**Problem description**
Exactly as given, repeat all of the entries.

[Data extracted from a collection]
--- --- ---

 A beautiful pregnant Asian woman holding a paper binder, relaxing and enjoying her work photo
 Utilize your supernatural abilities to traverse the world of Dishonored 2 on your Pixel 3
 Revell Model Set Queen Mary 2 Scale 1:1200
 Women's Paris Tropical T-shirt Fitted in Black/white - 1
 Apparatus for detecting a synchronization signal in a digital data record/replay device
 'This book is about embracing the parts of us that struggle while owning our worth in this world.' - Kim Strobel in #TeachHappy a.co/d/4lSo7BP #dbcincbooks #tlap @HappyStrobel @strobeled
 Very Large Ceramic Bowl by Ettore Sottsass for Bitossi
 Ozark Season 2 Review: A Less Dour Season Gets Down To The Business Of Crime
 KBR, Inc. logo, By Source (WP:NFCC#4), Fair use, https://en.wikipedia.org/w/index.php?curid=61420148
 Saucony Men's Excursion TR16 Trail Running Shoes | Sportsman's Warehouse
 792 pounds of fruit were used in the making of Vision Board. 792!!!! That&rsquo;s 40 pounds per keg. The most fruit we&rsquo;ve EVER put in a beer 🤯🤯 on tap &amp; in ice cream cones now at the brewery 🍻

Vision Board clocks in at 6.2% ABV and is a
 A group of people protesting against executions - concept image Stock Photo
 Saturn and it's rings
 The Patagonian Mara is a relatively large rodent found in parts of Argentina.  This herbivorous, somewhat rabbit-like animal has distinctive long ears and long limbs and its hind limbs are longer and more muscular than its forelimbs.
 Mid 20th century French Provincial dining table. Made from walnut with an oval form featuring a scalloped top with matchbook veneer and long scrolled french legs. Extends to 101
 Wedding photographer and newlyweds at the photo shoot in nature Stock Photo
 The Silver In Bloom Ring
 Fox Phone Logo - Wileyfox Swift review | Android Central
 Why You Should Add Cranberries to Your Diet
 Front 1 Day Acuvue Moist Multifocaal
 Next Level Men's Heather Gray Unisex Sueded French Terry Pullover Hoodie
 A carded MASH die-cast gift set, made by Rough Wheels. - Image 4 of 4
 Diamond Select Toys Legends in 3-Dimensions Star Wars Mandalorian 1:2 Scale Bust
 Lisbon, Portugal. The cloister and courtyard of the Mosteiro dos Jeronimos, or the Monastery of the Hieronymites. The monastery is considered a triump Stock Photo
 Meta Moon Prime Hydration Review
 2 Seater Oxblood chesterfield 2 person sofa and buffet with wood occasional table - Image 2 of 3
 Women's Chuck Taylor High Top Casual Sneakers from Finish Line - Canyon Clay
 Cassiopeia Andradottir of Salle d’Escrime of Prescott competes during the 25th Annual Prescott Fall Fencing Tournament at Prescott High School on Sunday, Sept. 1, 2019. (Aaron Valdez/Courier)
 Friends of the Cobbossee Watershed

--- --- ---

**Finished task**
 A beautiful pregnant Asian woman holding a paper binder, relaxing and enjoying her work photo
 Utilize your supernatural abilities to traverse the world of Dishonored 2 on your Pixel 3
 Revell Model Set Queen Mary 2 Scale 1:1200
 Women's Paris Tropical T-shirt Fitted in Black/white - 1
 Apparatus for detecting a synchronization signal in a digital data record/replay device
 'This book is about embracing the parts of us that struggle while owning our worth in this world.' - Kim Strobel in #TeachHappy a.co/d/4lSo7BP #dbcincbooks #tlap @HappyStrobel @strobeled
 Very Large Ceramic Bowl by Ettore Sottsass for Bitossi
 Ozark Season 2 Review: A Less Dour Season Gets Down To The Business Of Crime
 KBR, Inc. logo, By Source (WP:NFCC#4), Fair use, https://en.wikipedia.org/w/index.php?curid=61420148
 Saucony Men's Excursion TR16 Trail Running Shoes | Sportsman's Warehouse
 792 pounds of fruit were used in the making of Vision Board. 792!!!! That&rsquo;s 40 pounds per keg. The most fruit we&rsquo;ve EVER put in a beer 🤯🤯 on tap &amp; in ice cream cones now at the brewery 🍻

Vision Board clocks in at 6.2% ABV and is a
 A group of people protesting against executions - concept image Stock Photo
 Saturn and it's rings
 The Patagonian Mara is a relatively large rodent found in parts of Argentina.  This herbivorous, somewhat rabbit-like animal has distinctive long ears and long limbs and its hind limbs are longer and more muscular than its forelimbs.
 Mid 20th century French Provincial dining table. Made from walnut with an oval form featuring a scalloped top with matchbook veneer and long scrolled french legs. Extends to 101
 Wedding photographer and newlyweds at the photo shoot in nature Stock Photo
 The Silver In Bloom Ring
 Fox Phone Logo - Wileyfox Swift review | Android Central
 Why You Should Add Cranberries to Your Diet
 Front 1 Day Acuvue Moist Multifocaal
 Next Level Men's Heather Gray Unisex Sueded French Terry Pullover Hoodie
 A carded MASH die-cast gift set, made by Rough Wheels. - Image 4 of 4
 Diamond Select Toys Legends in 3-Dimensions Star Wars Mandalorian 1:2 Scale Bust
 Lisbon, Portugal. The cloister and courtyard of the Mosteiro dos Jeronimos, or the Monastery of the Hieronymites. The monastery is considered a triump Stock Photo
 Meta Moon Prime Hydration Review
 2 Seater Oxblood chesterfield 2 person sofa and buffet with wood occasional table - Image 2 of 3
 Women's Chuck Taylor High Top Casual Sneakers from Finish Line - Canyon Clay
 Cassiopeia Andradottir of Salle d’Escrime of Prescott competes during the 25th Annual Prescott Fall Fencing Tournament at Prescott High School on Sunday, Sept. 1, 2019. (Aaron Valdez/Courier)
 Friends of the Cobbossee Watershed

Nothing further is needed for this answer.